[Opening Data extract section]
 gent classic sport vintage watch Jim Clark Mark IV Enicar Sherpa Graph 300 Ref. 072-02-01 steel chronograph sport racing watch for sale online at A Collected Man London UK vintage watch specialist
[Closing Data extract section]
[Opening Data extract section]
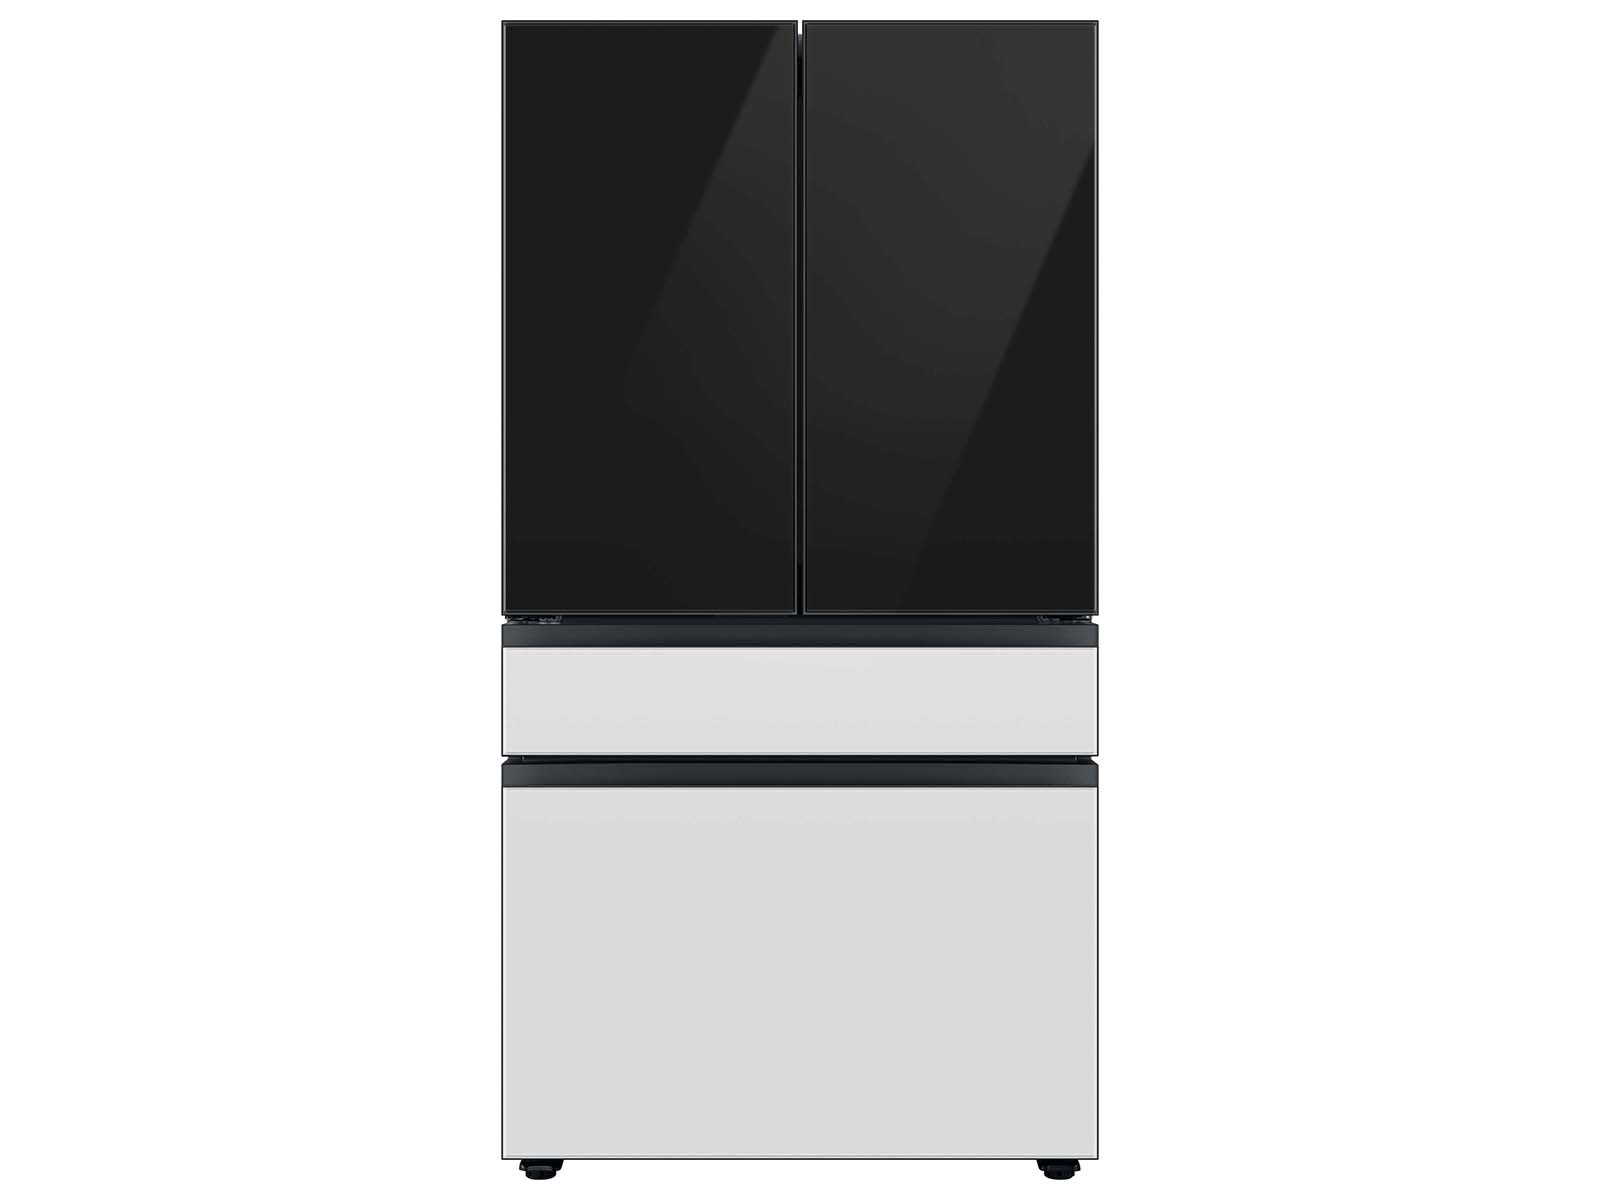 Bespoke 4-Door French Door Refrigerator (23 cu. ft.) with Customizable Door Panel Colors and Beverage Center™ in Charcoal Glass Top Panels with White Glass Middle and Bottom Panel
[Closing Data extract section]
[Opening Data extract section]
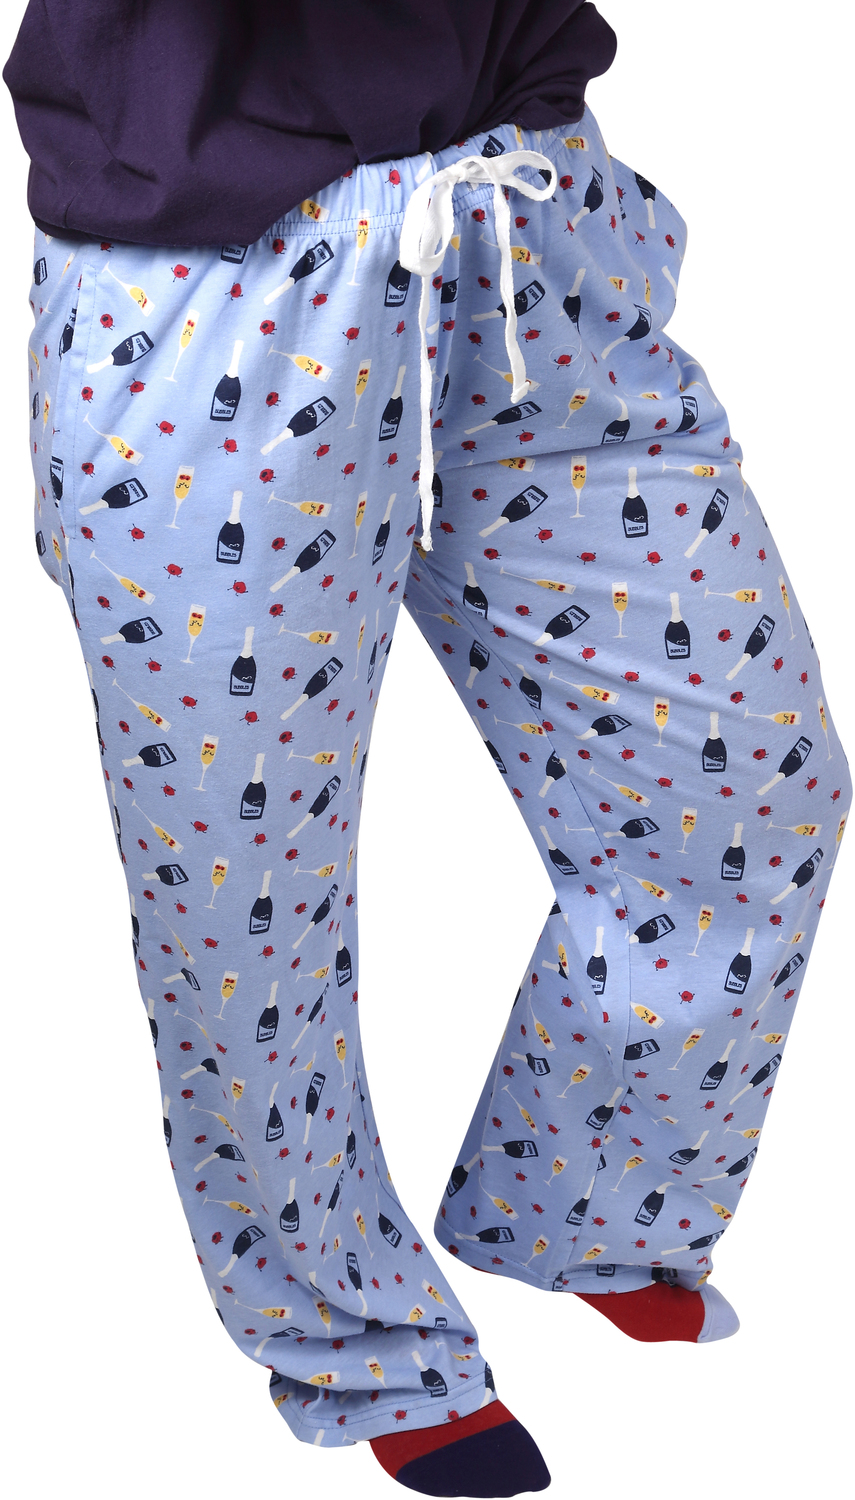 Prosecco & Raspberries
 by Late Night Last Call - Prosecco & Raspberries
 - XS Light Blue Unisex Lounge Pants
[Closing Data extract section]
Reproduce exactly, and with no other material, the lines between those holding "by Late Night" and "- XS Light Blue Unisex Lounge Pants", inclusive.

 by Late Night Last Call - Prosecco & Raspberries
 - XS Light Blue Unisex Lounge Pants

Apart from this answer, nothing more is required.